Healthier gingerbread

Healthier gingerbread

Gingerbread without added sugar, and tons of fibre - just as delicious as you're used to.

Ingredients

150 g butter
100 ml Sukrin Syrup Gold
150 g Sukrin Gold (or 90 g Finesse baking sweetener)
100 ml cream
300 g wheat flour
100 ml (60 g) FiberFin (can be replaced with flour)
½ - 1 tsp. ground cloves
½ - 1 tsp. ground ginger
½ - 1 tsp. ground pepper
2 tsp. ground cinnamon
1 tsp. baking powder
100 ml wheat flour for kneading

Instructions

Mix the syrup, Sukrin Gold and butter in a saucepan, and heat until the Sukrin has dissolved completely. Remove from the hotplate and cool for a couple of minutes.

Stir in the cream first, followed by flour, FiberFin, spices and baking powder. Mix well. Cover the dough and leave at room temperature until you want to roll out the gingerbread.

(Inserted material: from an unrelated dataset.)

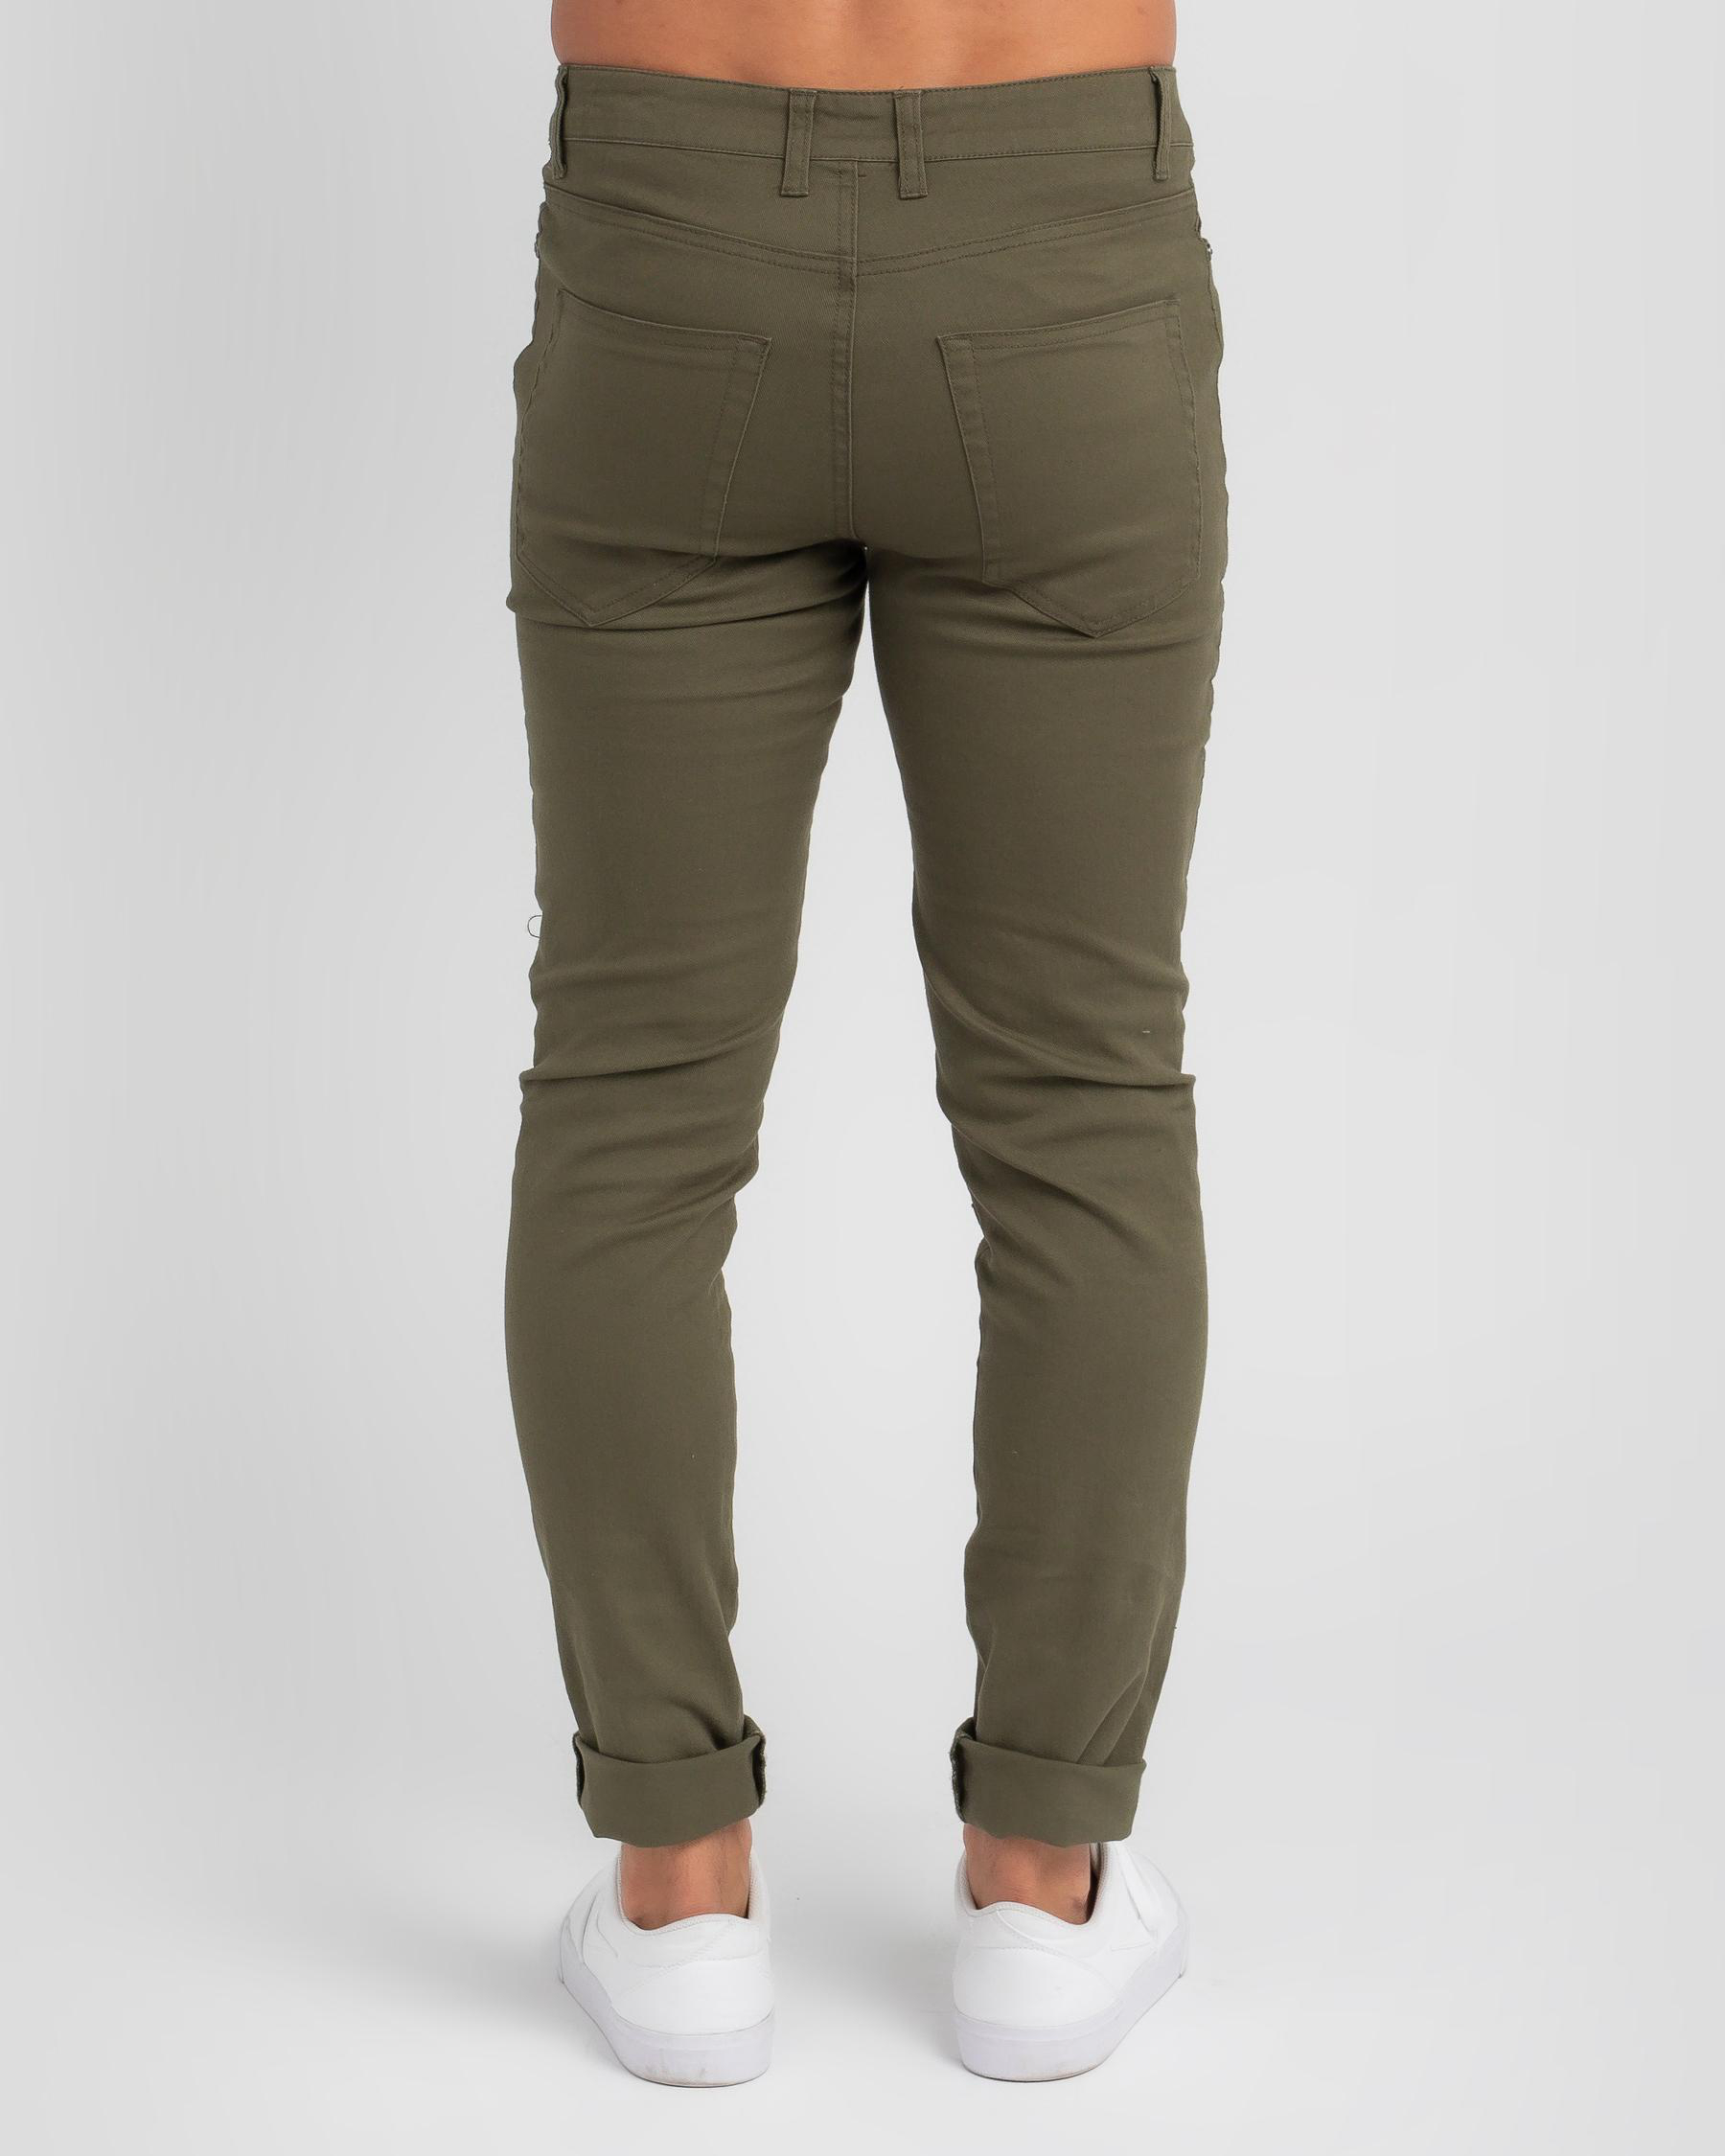 Lucid Grid Jeans In Olive - Fast Shipping & Easy Returns - City Beach ...

Knead the dough and roll out to a sheet about 3 mm thick. Cut out figures. Bake on a baking sheet lined with baking paper at 175 degrees Celsius for 8-10 minutes. Cool on a baking rack.

Note: When these gingerbread cookies are fresh out of the oven, they’re slightly softer than regular gingerbread. If you keep them in a cookie box for a couple of days, however, they’ll turn just as crispy as you’re used to.